The one question that users of open platforms should ask themselves is, "am I secure?" At the same time, companies running those open platforms have the distinct challenge of keeping users secure -- and many of those users tend to need a significant amount of security education.
This weekend at an event called BSides Bay at Hacker Dojo in Mountain View, security and risk experts from three of the world's major consumer-facing services will participate in a panel aptly named "Keeping Users Secure on Open Platforms." The panel includes John Adams of Twitter, Andy Steingruebl of PayPal, and both Jeff Wu and Ryan Seu of Facebook, and these experts will address questions about their individual company's philosophies on keeping users secure, what types of threats and attacks they are mitigating, as well as common security controls, and so forth. From the session abstract:
Open platforms attract innovation, foster collaboration, and for many of us -- have changed our lifestyles (how we communicate, socialize, and pay for things). At the same time we're seeing these same technologies used as attack vectors -- with end-users being the target of choice. In our panel we'll discuss threats and attacks targeting end users such as phishing, malware, spam & abuse -- and the resulting problems like account takeovers, botnet activity, privacy leaks, and identity theft. We'll then discuss our successes and lessons-learned from adding additional controls both at the platform level and provided directly to customers.

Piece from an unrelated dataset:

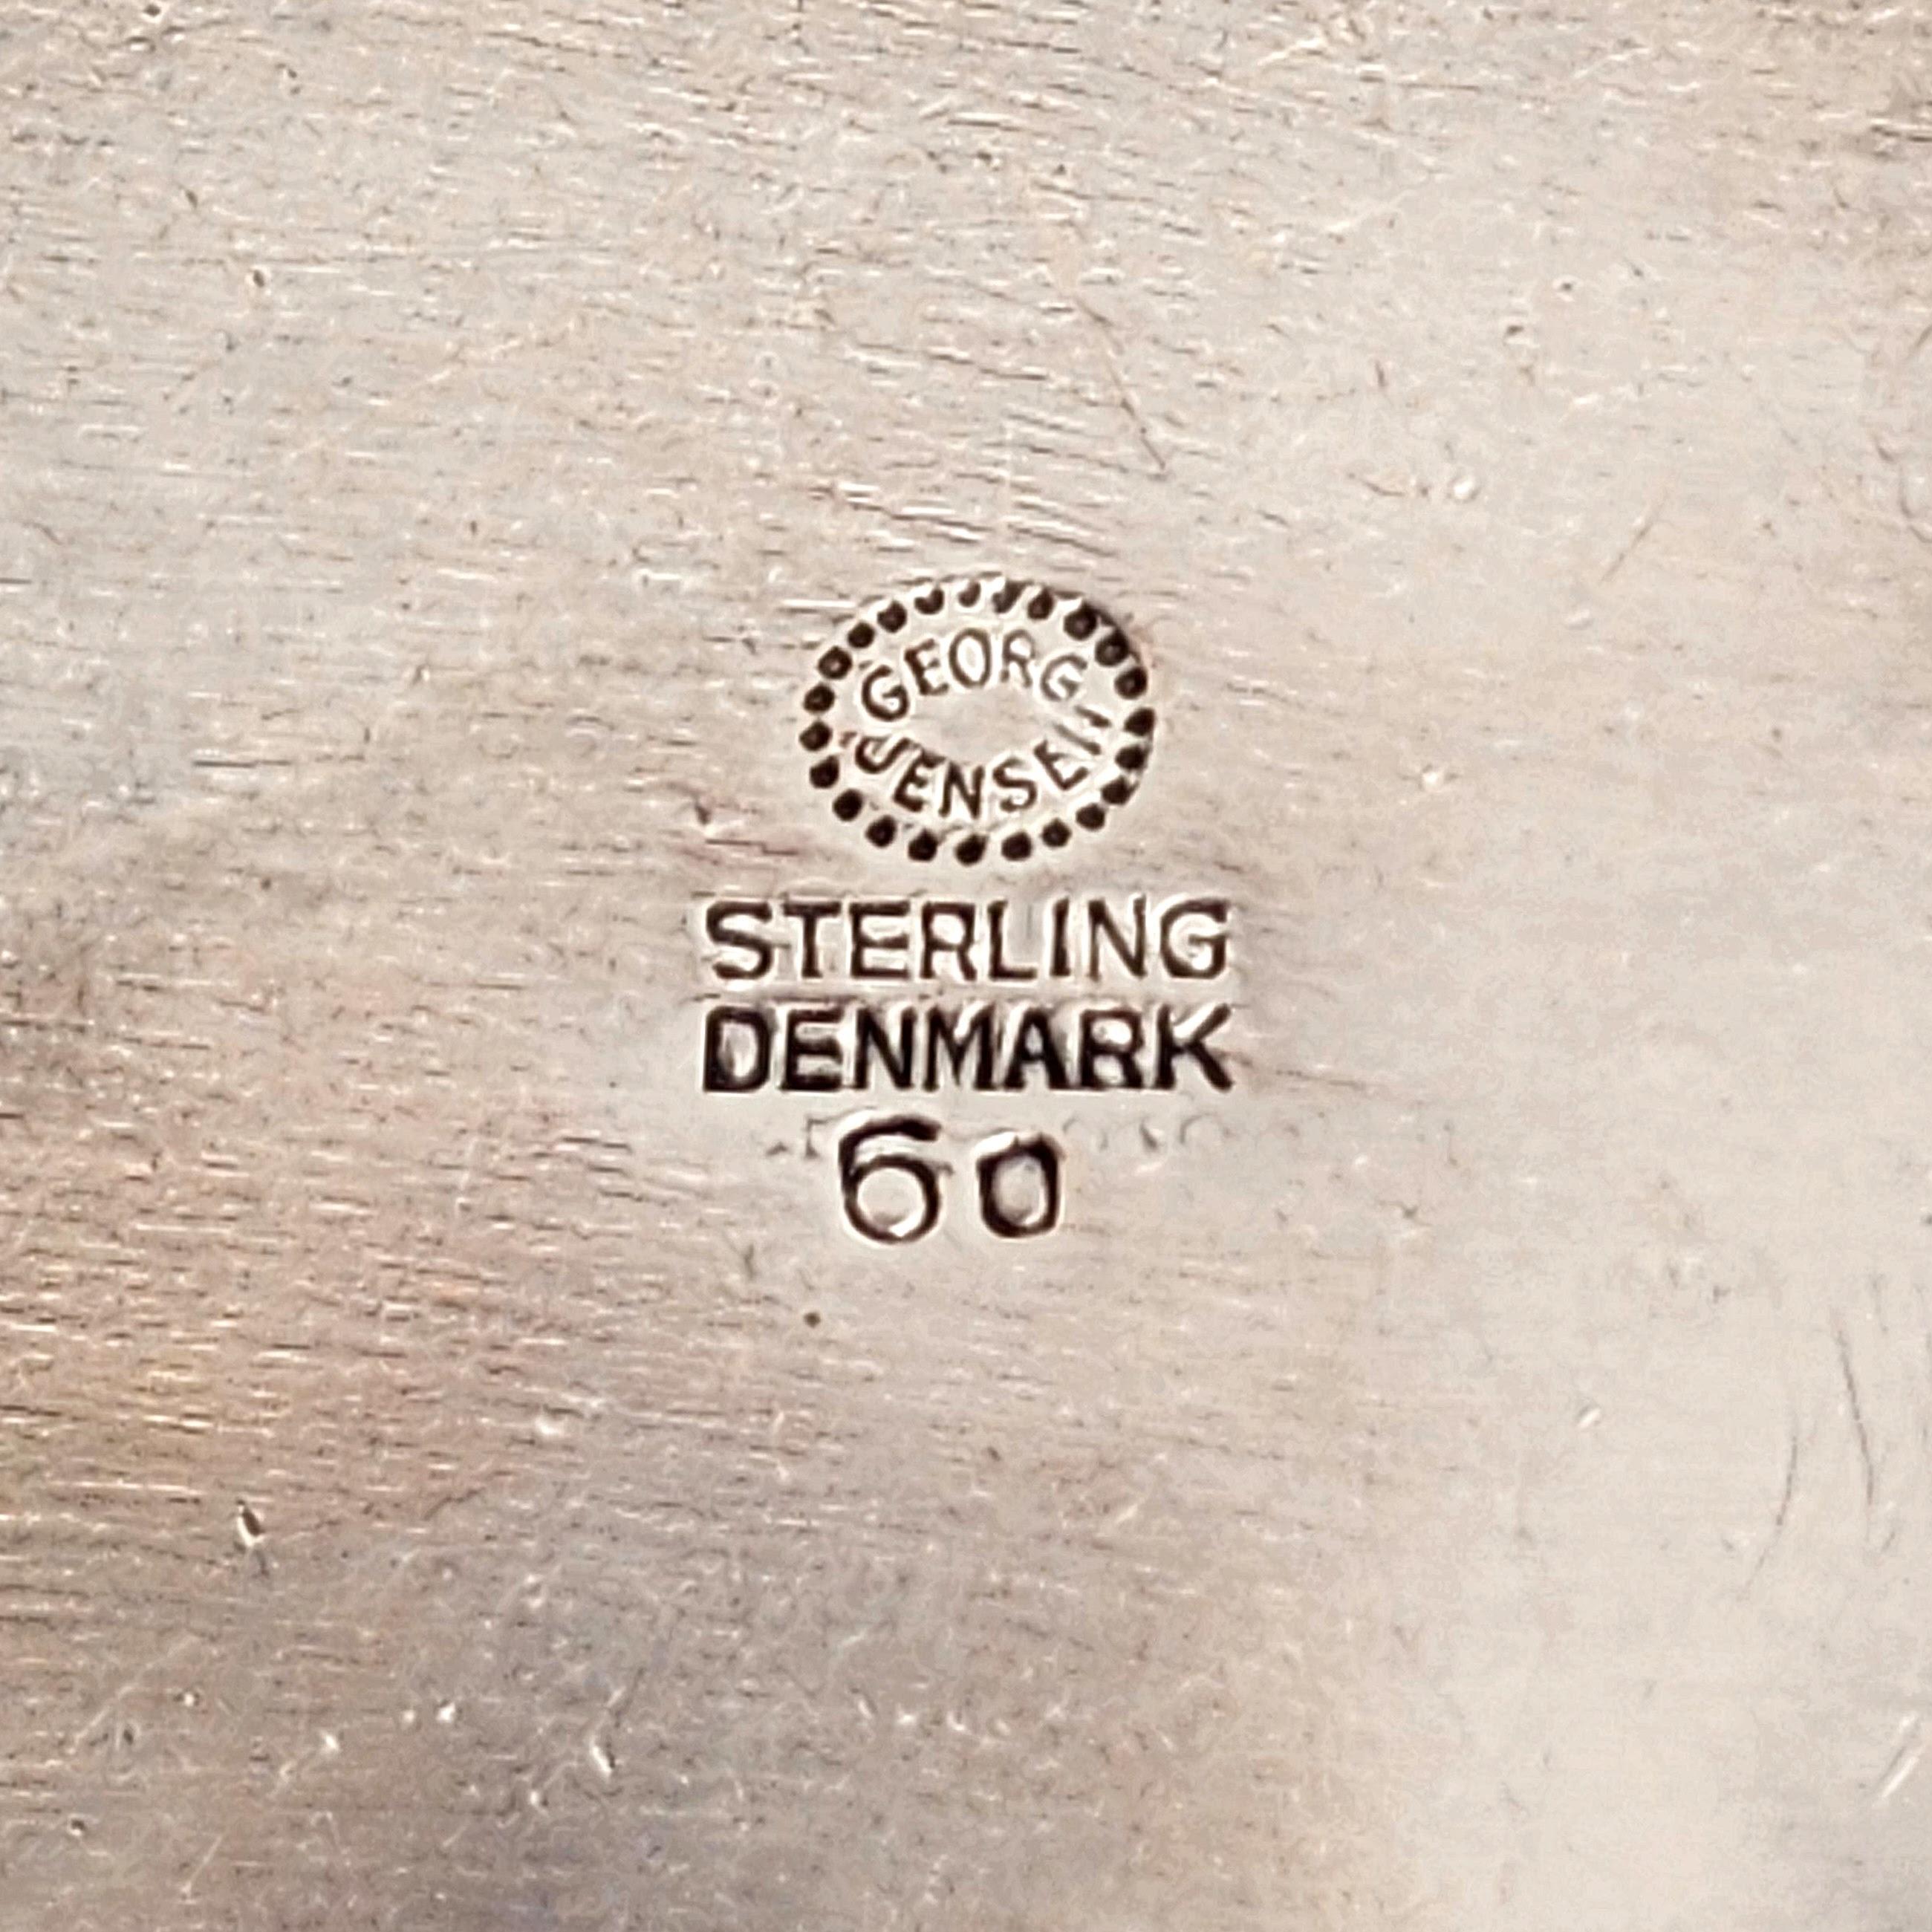 Georg Jensen Denmark Sterling Silver 60 Oval Dome Leaf Pin/Brooch #14682 For Sale 2
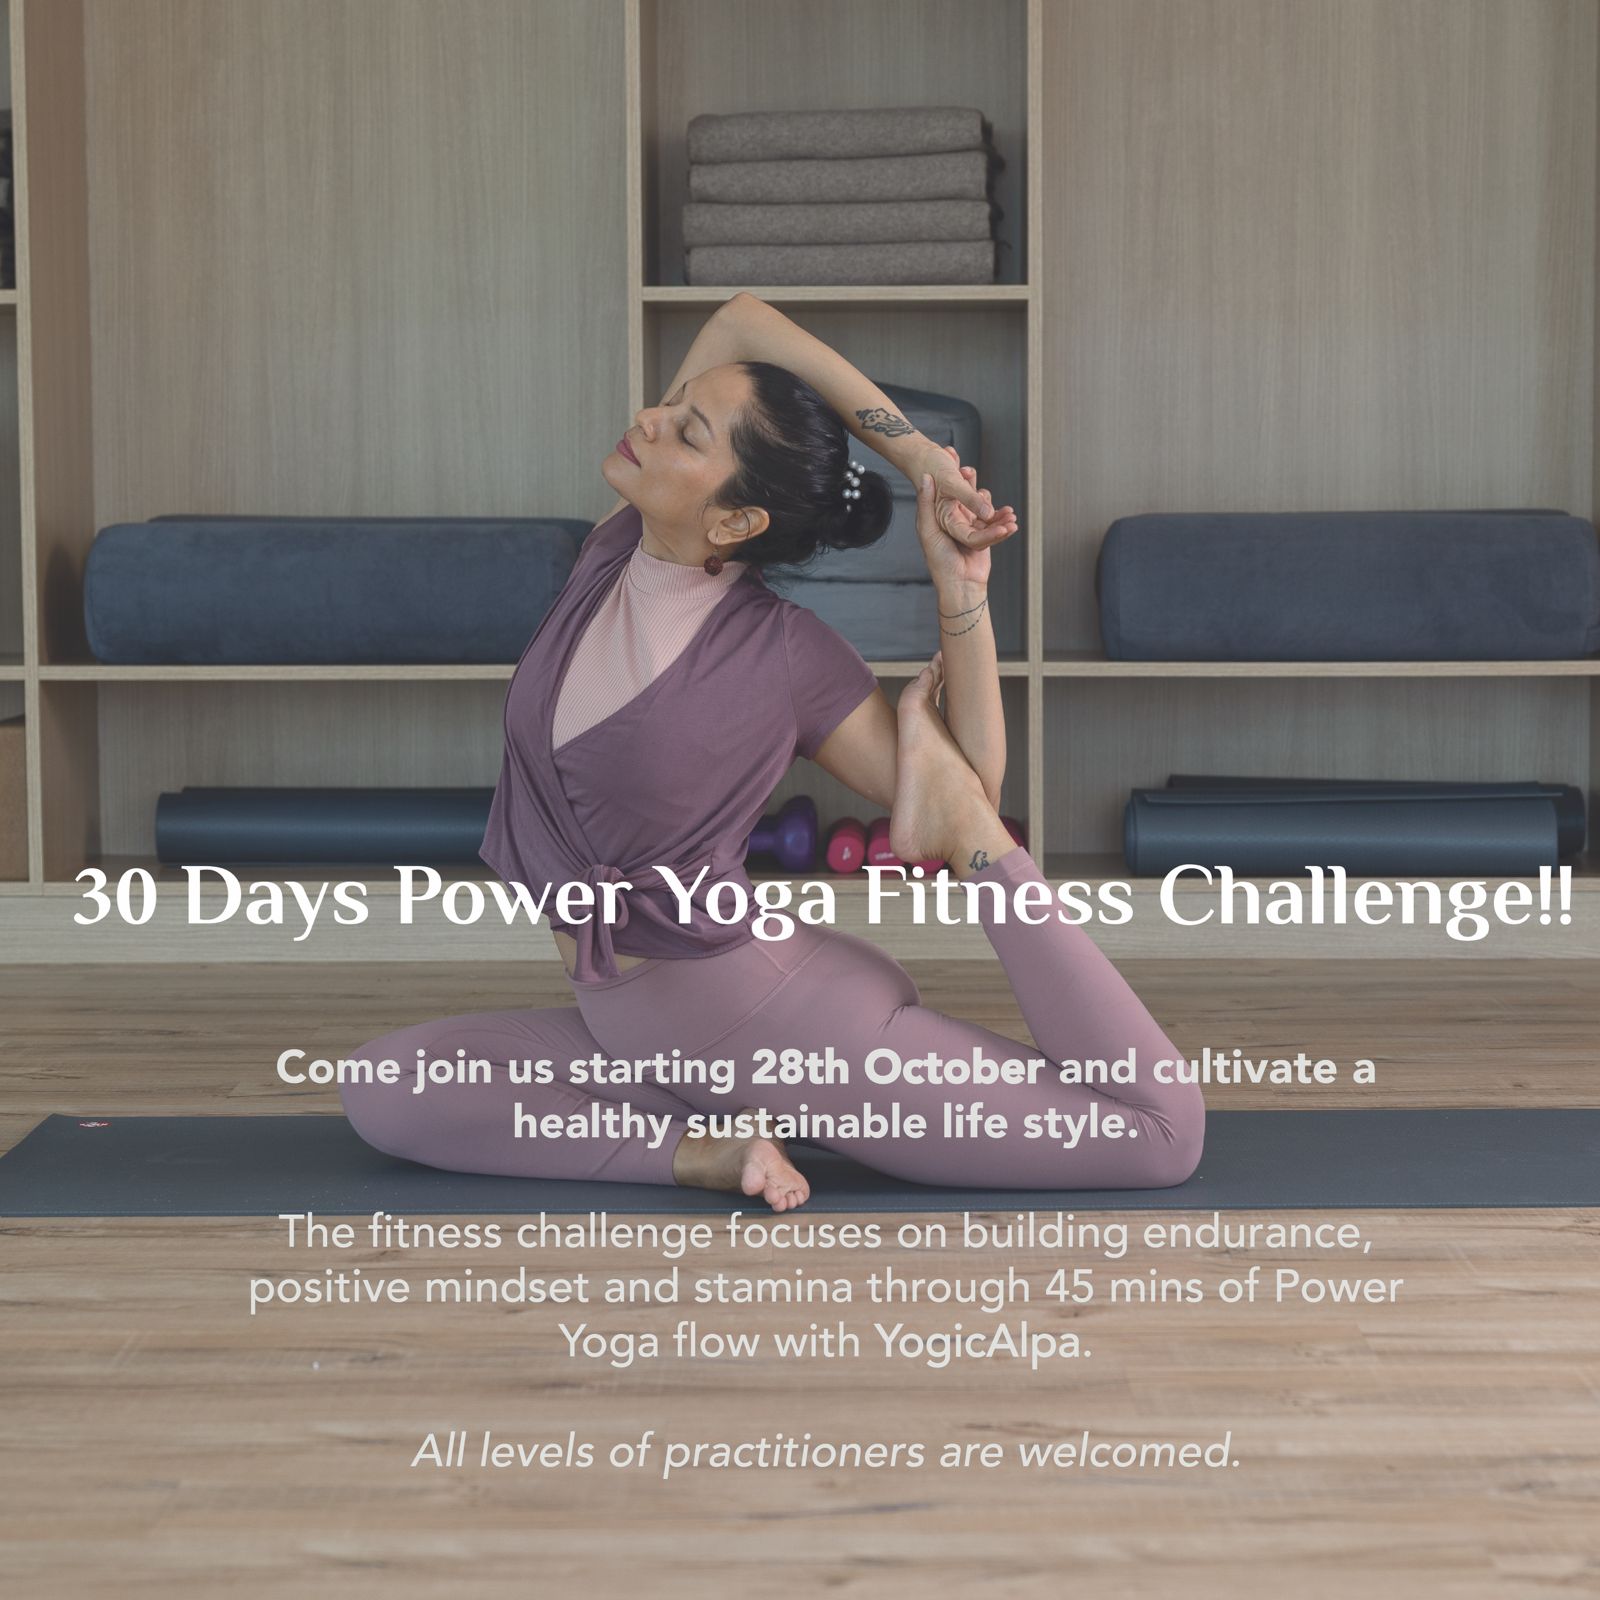 Power Yoga Fitness Challenge

This particular panel is happening at 11 a.m., but the BSides Bay event runs from 9 a.m.-5 p.m. The event is a spinoff from the popular Security BSides unconference series that first launched at Black Hat / Defcon in Las Vegas earlier this year. In true unconference fashion, BSidesBay is largely relying on community input to determine final topics. Those talks that garner the most conversation get added to the agenda. Other than the open platform panel, and another scheduled panel at 10 a.m. called "OWASP & WASC: Impacts on web application security automation," the conference agenda will be determined on an "as you go" basis.
"At most conferences, the best discussions are ad hoc and happen in hallways between sessions," said BSidesBay organizer Allison Miller. "I wanted to attend an event where those types of conversations are the main attraction."